It has long been recognized that amplification, no matter how non-linear and sophisticated, can improve speech comprehension in devices such as hearing aids only so much. Further progress depends on increasing the signal-to-noise ratio (SNR) of the hearing aid output. In general, the hearing-impaired need higher SNR than normal to understand speech. This need arises not only from hearing damage, but also as a necessary consequence of aging. For both men and women aged 70-79, fully 25% of this population may need 5.9 dB more SNR to hear normally. The requirements for 50% of the population aged 80-89 have been reported to be 7.0 dB for men and 5.6 dB for women. These numbers understate the problem by excluding hearing damage. Statistics in the literature are consistent with the hypothesis that the extra SNR requirement for the population at large is 50% greater than the numbers above. It should be borne in mind that these statistics apply to the entire population, not just the "hearing impaired".
The extra SNR requirements above are substantial. Each dB of SNR may improve the sentence intelligibility score by 15-20%. A hearing loss of 6-8 dB implies that people are not able to understand a speaker when a competing speaker is present at about the same distance from the listener. Any hearing loss at all implies loss of understanding when multiple competing speakers create an interference field equal in level to the targeted speaker. The inability to function normally in the common situations above can have a devastating effect on people's social life and outlook. The ill effects of this form of hearing loss are not confined to the aged. For example, anecdotal evidence abounds of the distress caused by the inability to hear multiple speakers at business meetings and lunches.
Many attempts have been made to increase signal to noise ratio for hearing aid users. Attempts to do so by frequency filtering have been unsuccessful, and in fact usually counterproductive because the frequencies to be filtered out are usually those of other speakers. These are precisely the frequencies needed to understand the speaker of interest. More recent attempts have focused on directional hearings aids with maximum sensitivity in the direction the user faces. Two types of aids have been considered: directional microphones and multiple microphones with beamforming.
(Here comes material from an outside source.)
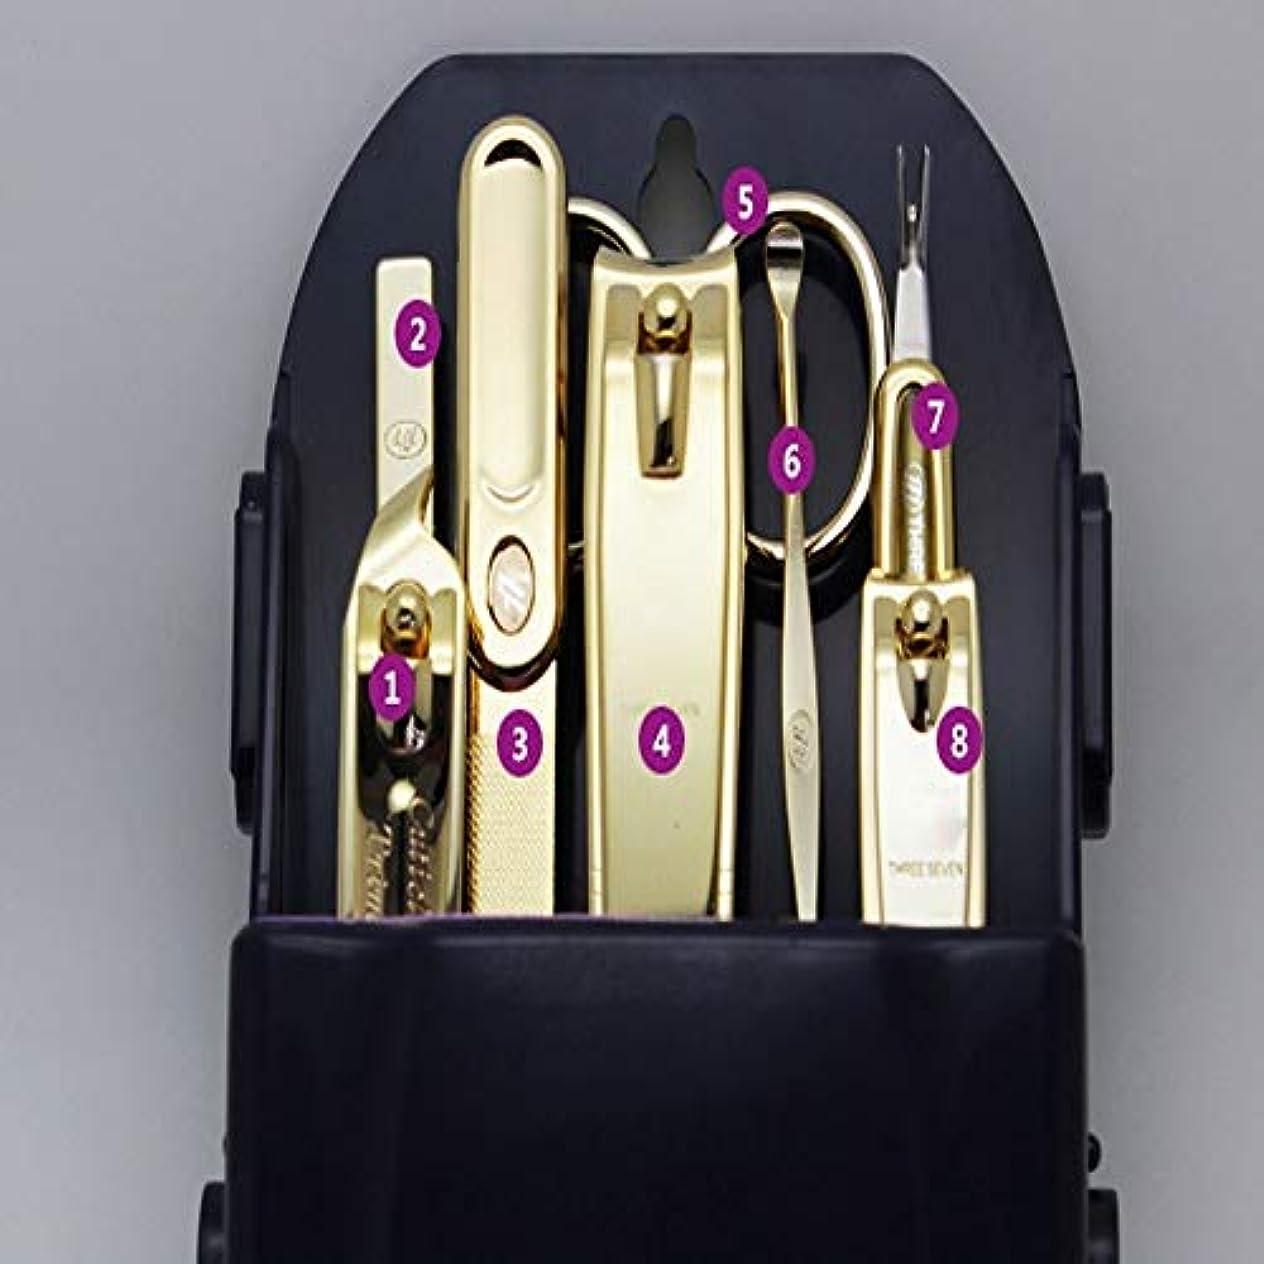 ZGSH 8セットのマニキュアネイルツールセット、ホームマニキュアネイルクリッパーセット、炭素鋼材料、高硬度 (Color : Gold)

Typical directional microphones produce 1-2 dB of intelligibility weighted gain for a diffuse noise field with exceptional microphones producing on the order of 4 dB. This is helpful, but not enough for the typical subject. Directional microphones can however synergistically provide inputs to beamformers. For example, if directional microphones attenuate an interferer by 2 dB, the problem confronting the beamformer has been reduced in severity by 2 dB.
Several types of beamformers have been used in an attempt to improve such hearing aids, but none have as yet produced satisfactory results. For example, fixed weight beamformers have been used. Such fixed weight beamformers sum weighted microphone outputs with weights constant in time. Fixed weight beamformers can provide only about 5 dB of intelligibility weighted gain in a diffuse noise field. Using fixed weights and five directional microphones, perhaps 7 dB is possible in a diffuse noise field.
Superdirective beamformers use large weights of different sign for summing microphone outputs. Use of superdirective beamformers can give perhaps 11 dB of intelligibility weighted gain with an eyeglass temple mounted array. There are two drawbacks to the technique: 1) it is sensitive to errors in construction, processing, and assumptions about the noise field; and 2) it can require focusing (taking into account the distance to the subject of interest) of the array to avoid distortion. Use of such superdirective beamformers requires careful tradeoffs between robustness and performance. These tradeoffs may significantly reduce the performance possible.
Adaptive beamformers have also been used. Such adaptive beamformers do not use weights constant in time. Rather, the weights change as required to maintain sensitivity in the desired direction and to minimize sensitivity in the direction of noise sources. Such adaptive beamformers can produce good results in anechoic environments with point interferers: 25-30 dB and more of intelligibility weighted gain are possible. Adaptive beamformers outperform fixed weight beamformers in the case of anisotropic diffuse noise because fixed weight beamformers are optimized for isotropic noise whereas adaptive beamformers optimize themselves for any anisotropic diffuse noise. Performance against isotropic diffuse noise is the same as that of fixed weight beamformers. Their major drawback is poor performance in reverberant environments. In such an environment, they can even degrade the signal and achieve a negative intelligibility weighted gain.